*** Block opens ***
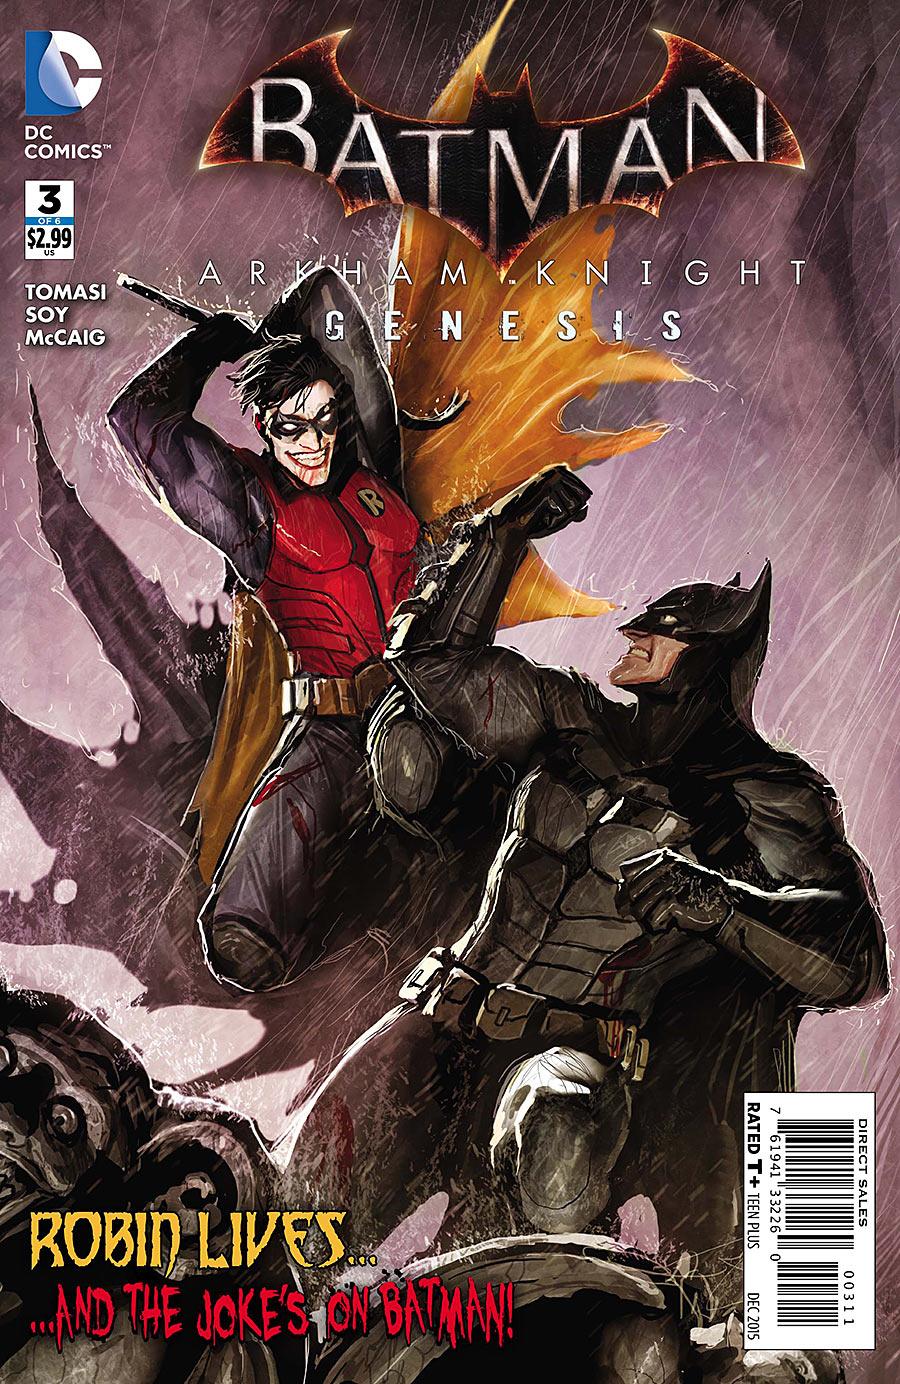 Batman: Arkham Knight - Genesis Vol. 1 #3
*** Block closes ***
*** Block opens ***
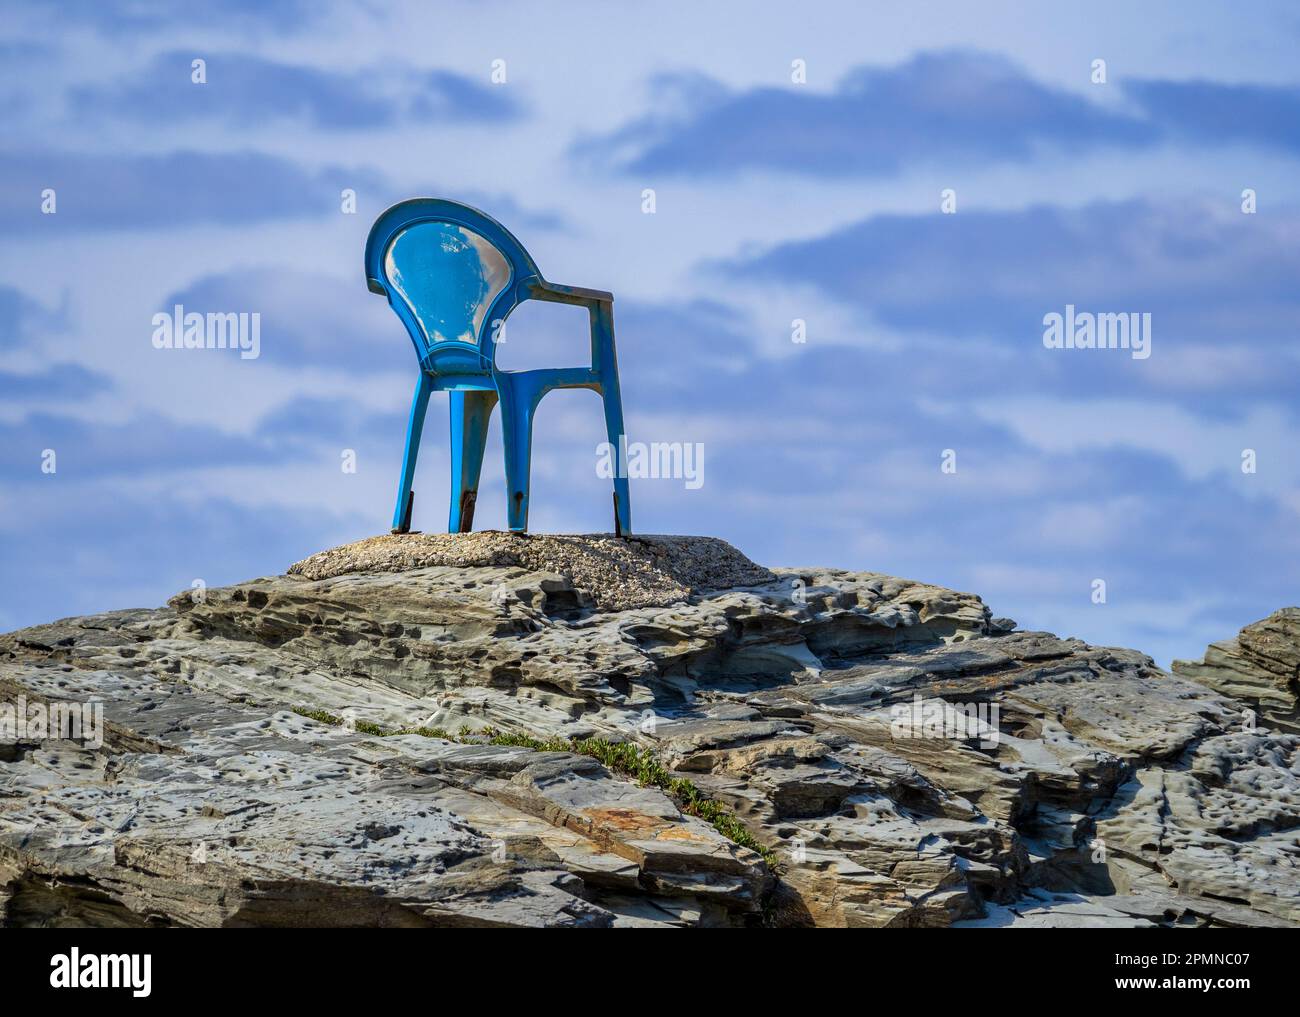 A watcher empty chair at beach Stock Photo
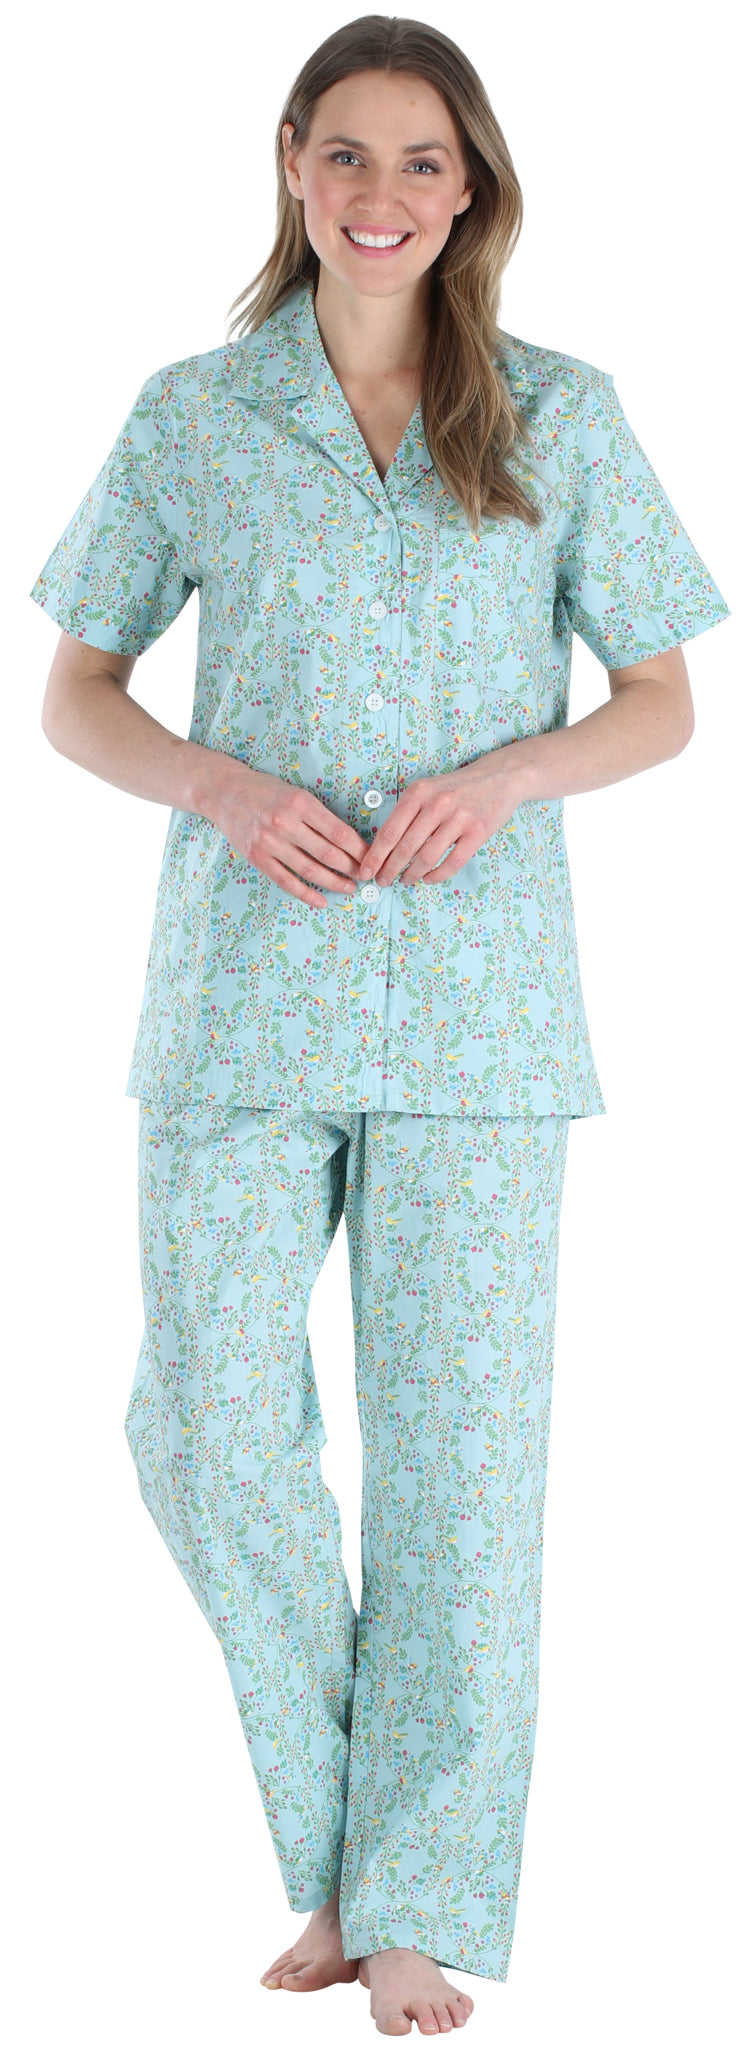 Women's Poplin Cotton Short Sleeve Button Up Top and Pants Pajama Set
*** Block closes ***
*** Block opens ***
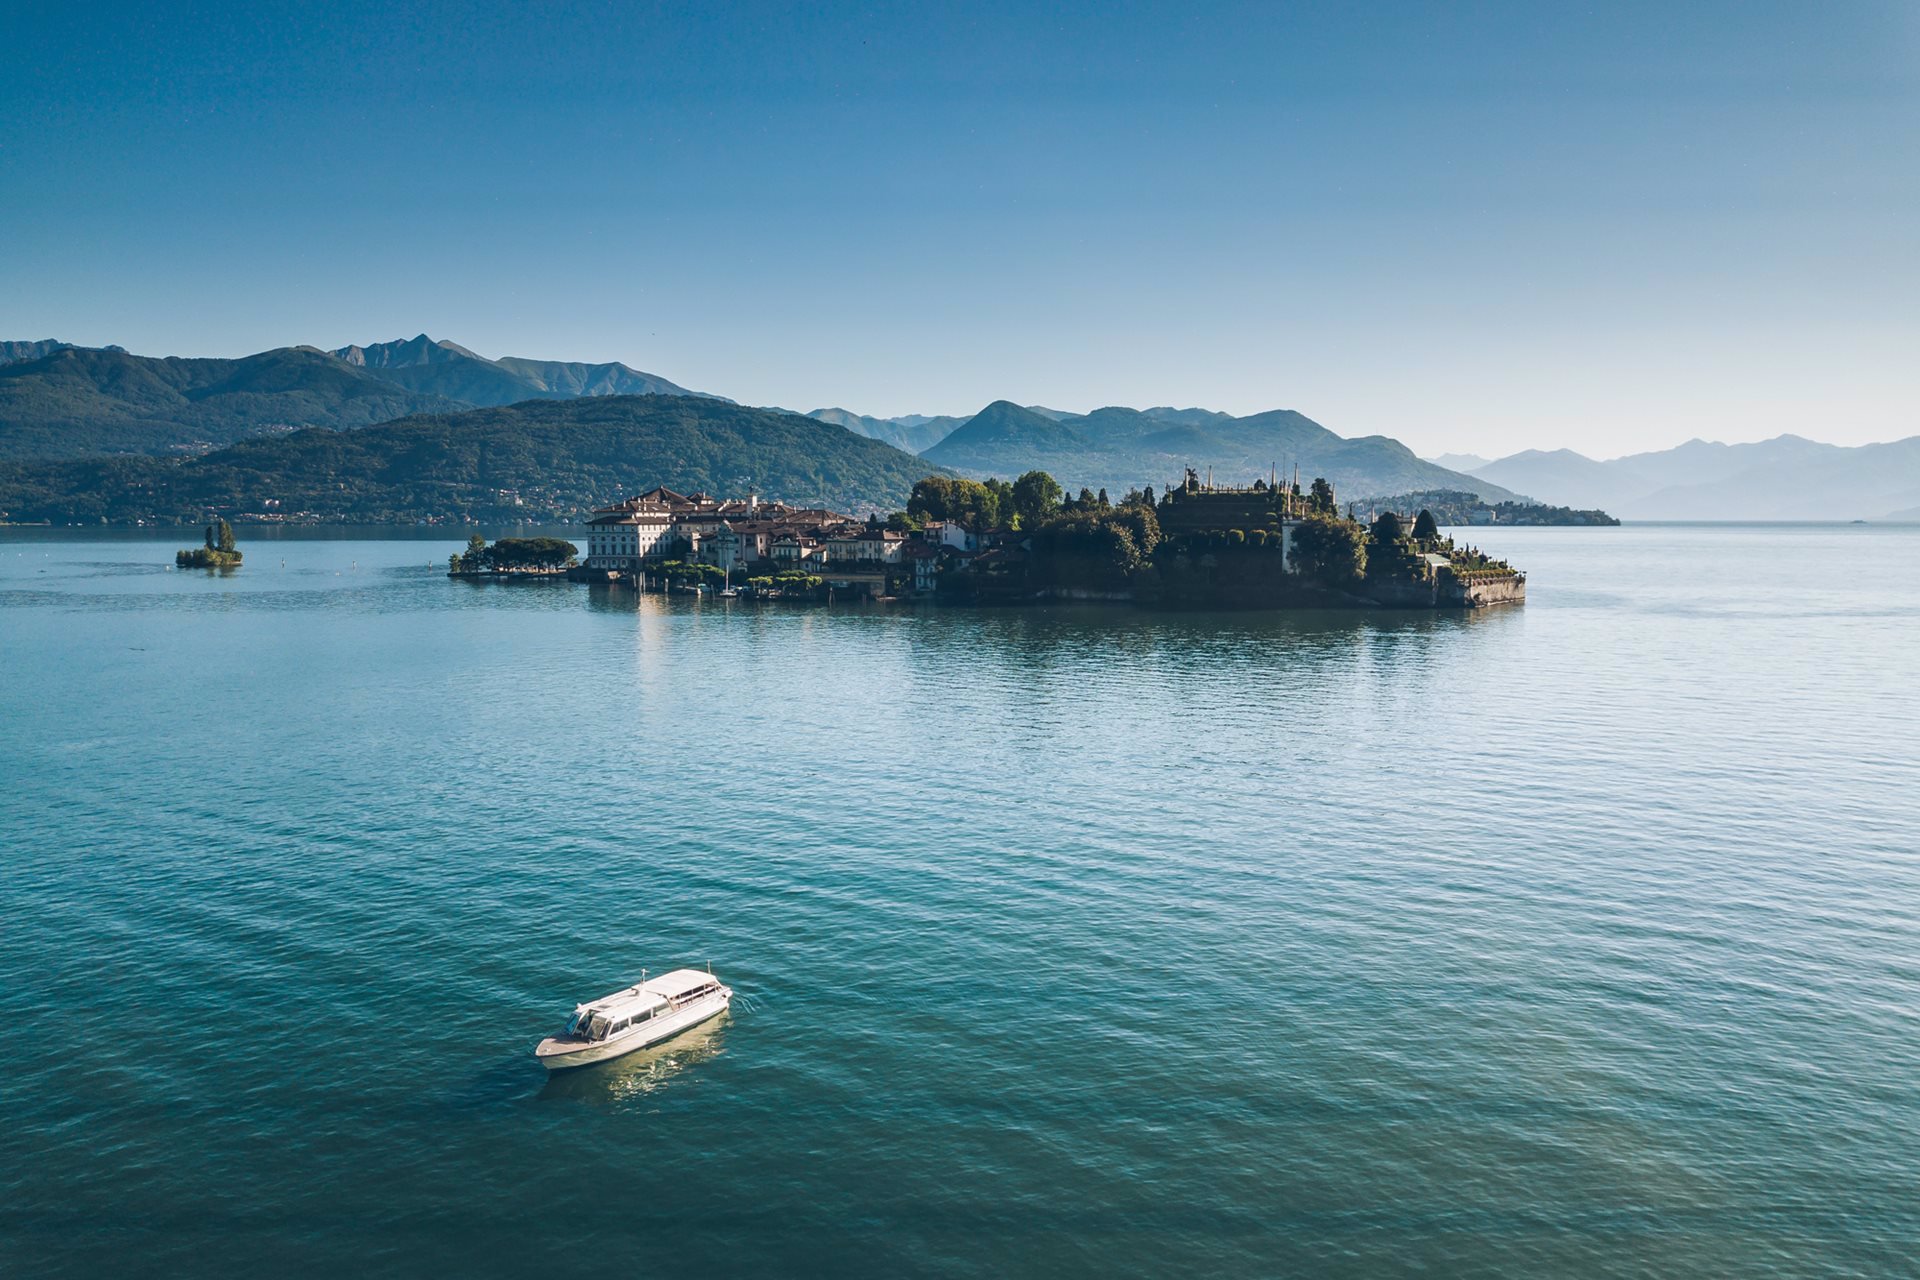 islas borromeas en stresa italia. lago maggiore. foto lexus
*** Block closes ***
== What you need to do ==
Look above for the line with "A watcher empty chair at beach Stock Photo" and the line with "Women's Poplin Cotton". Give again exactly those two lines and all lines between them, pictures excluded.

== Exercise response ==
 A watcher empty chair at beach Stock Photo
 Women's Poplin Cotton Short Sleeve Button Up Top and Pants Pajama Set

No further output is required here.